By Leo Beletsky, Pieter Baker, Jaime Arredondo, Ashley Emuka, David Goodman-Meza, Maria Elena Medina-Mora, Dan Werb, Peter Davidson, Joseph J Amon, Steffanie Strathdee, Carlos Magis-Rodriguez
The first safe consumption facility (SCF) opened its doors in 1986, in Bern, Switzerland, intending to curb drug overdose-related deaths and prevent other drug-related harm in people who inject drugs (PWID).1 Since then, communities who have adopted the SCF approach have seen decreases in HIV incidence, injection related litter and disorder, and drug overdose.2,3 Use of SCFs is also associated with uptake of treatment for drug use and other recovery assistance services.4
Mounting evidence that SCFs are both highly successful and cost-effective has made them a core public health response to problematic drug use and its sequelae.5,6 Nowadays, more than 100 SCFs are in operation across Europe, Australia, and Canada, with Canada having recently approved dozens of additional facilities to address the country’s overdose crisis.7 Although several US locales have made concrete steps towards opening SCFs, progress has been dismally slow, and the ultimate fate of these efforts remains uncertain.

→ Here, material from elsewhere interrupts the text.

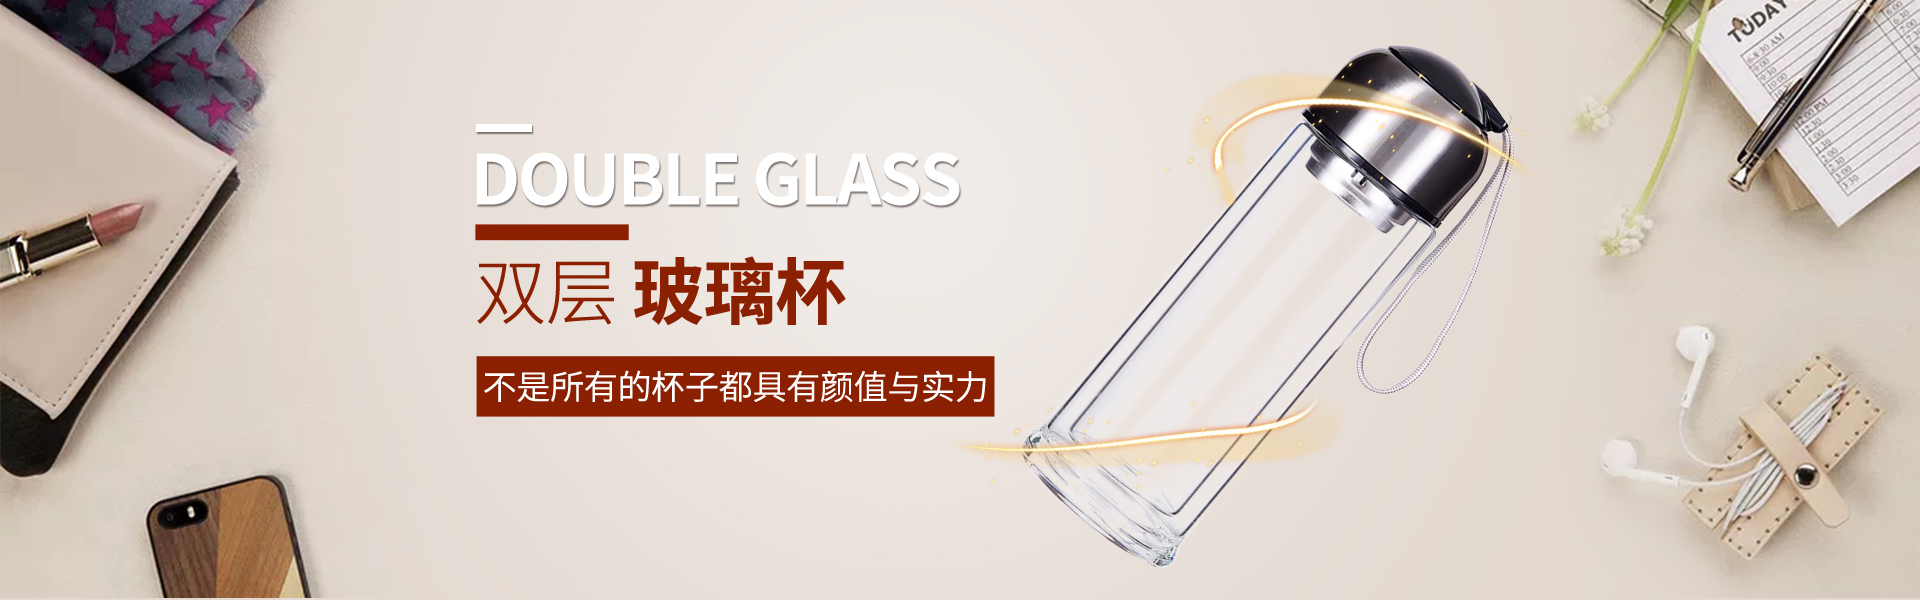 澳门信誉最好的十大平台杯业玻璃杯
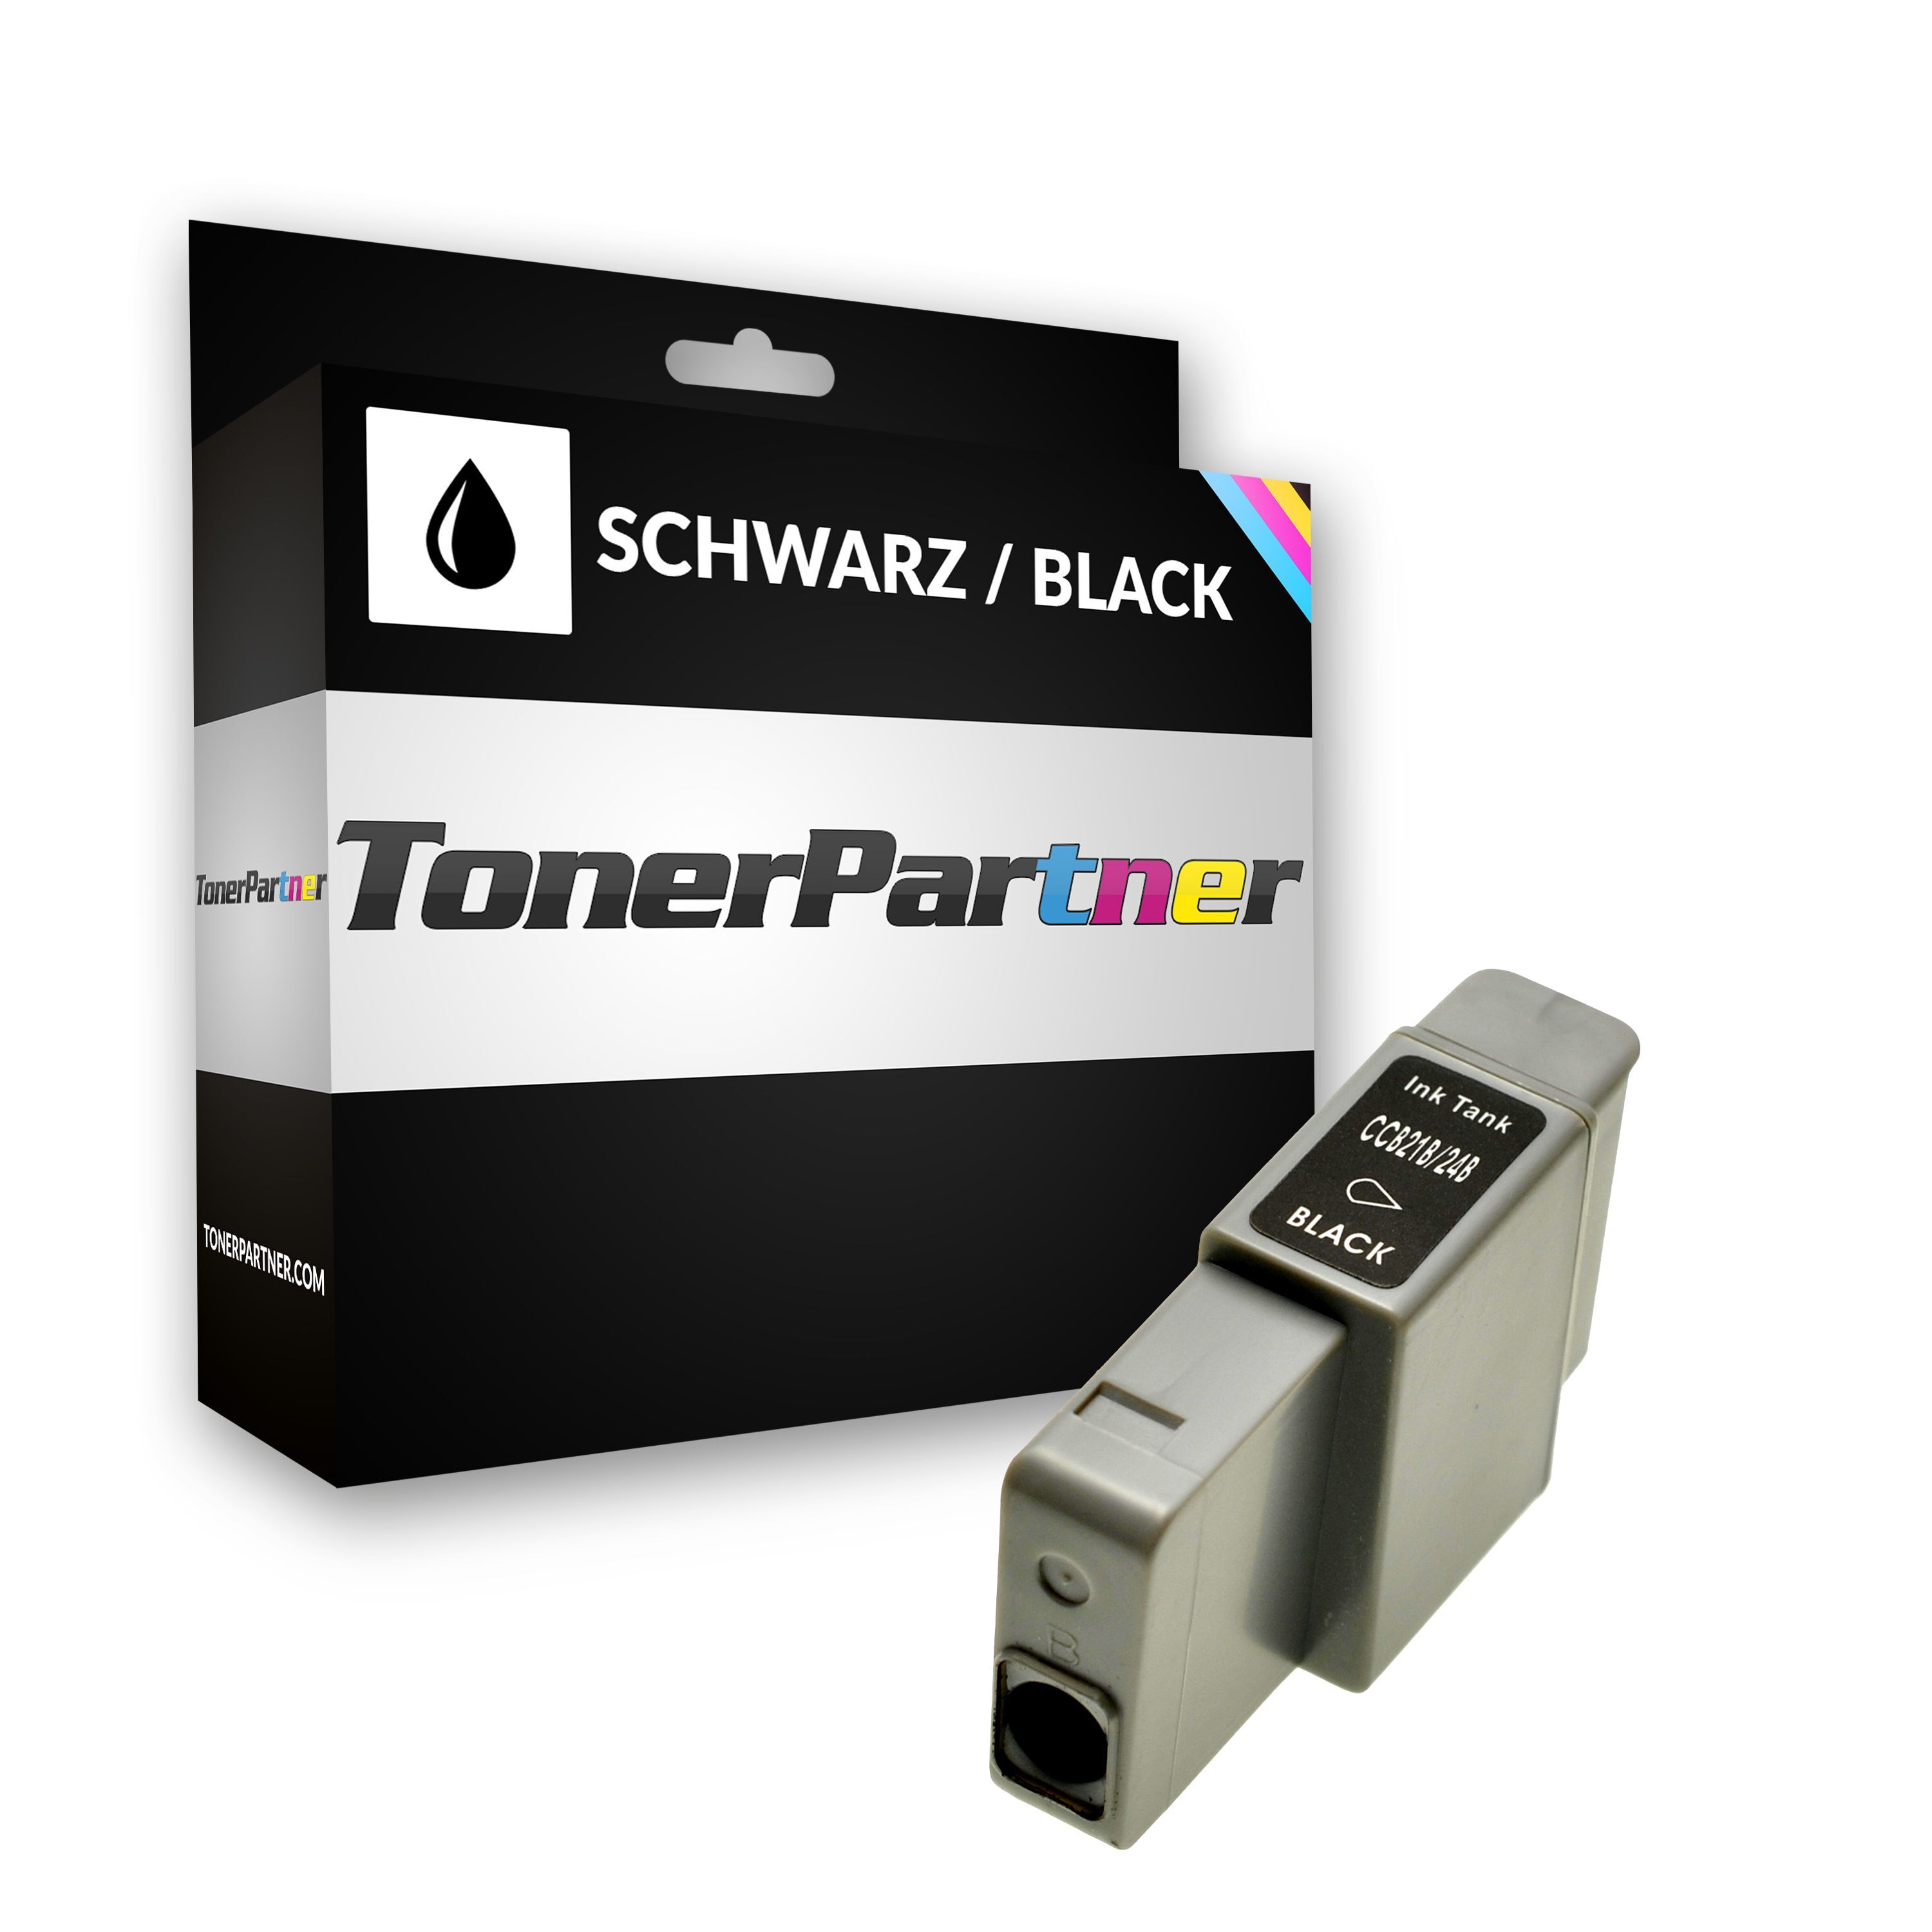 TonerPartner Kompatibel zu Canon I 320 Tintenpatrone (BCI-24 BK / 6881 A 002) schwarz, 240 Seiten, 1,44 Rp pro Seite, Inhalt: 9 ml von TonerPartner

Shockingly, not one such programme operates in low-income and middle-income countries, despite the reality that these countries bear a disproportionate burden of the harm to public health associated with drug use. For example, the prevalence of HIV infection in PWID living in Latin America (35·7%), South Asia (19·4%), and eastern Europe (24·7%) is markedly higher than the global average (17·8%).
Although technically a high-income country, Russia now has the third highest HIV incidence in the world, driven primarily by injection-related transmission.8 Moreover, abusive law enforcement practices are prevalent in areas with a weak rule of law and widespread informal settlements.9,10 Adverse encounters with police and other security personnel exacerbate the health risk to PWID, while limiting the accessibility of harm reduction services.11 In such contexts, the human rights and public health imperatives of safe consumption spaces are especially pressing, whereas their absence plainly offends global equity principles.
Tijuana, Mexico is illustrative of a global setting where the potential benefit of SCFs is readily evident. As a border node in the international drug trade, rates of drug consumption, injection-related infectious disease, and overdose are high.12 Reflective of many other places in low-income and middle-income countries, access to naloxone and opioid substitution therapy in Tijuana (and elsewhere in Mexico) is limited. If operated at scale, a SCF could substantially decrease overdose-related morbidity and mortality while facilitating access to appropriate drug treatment.12 Tijuana’s street market for opioids does not yet appear to be dominated by fentanyl, but such a shift would almost certainly cause a surge in overdose fatalities.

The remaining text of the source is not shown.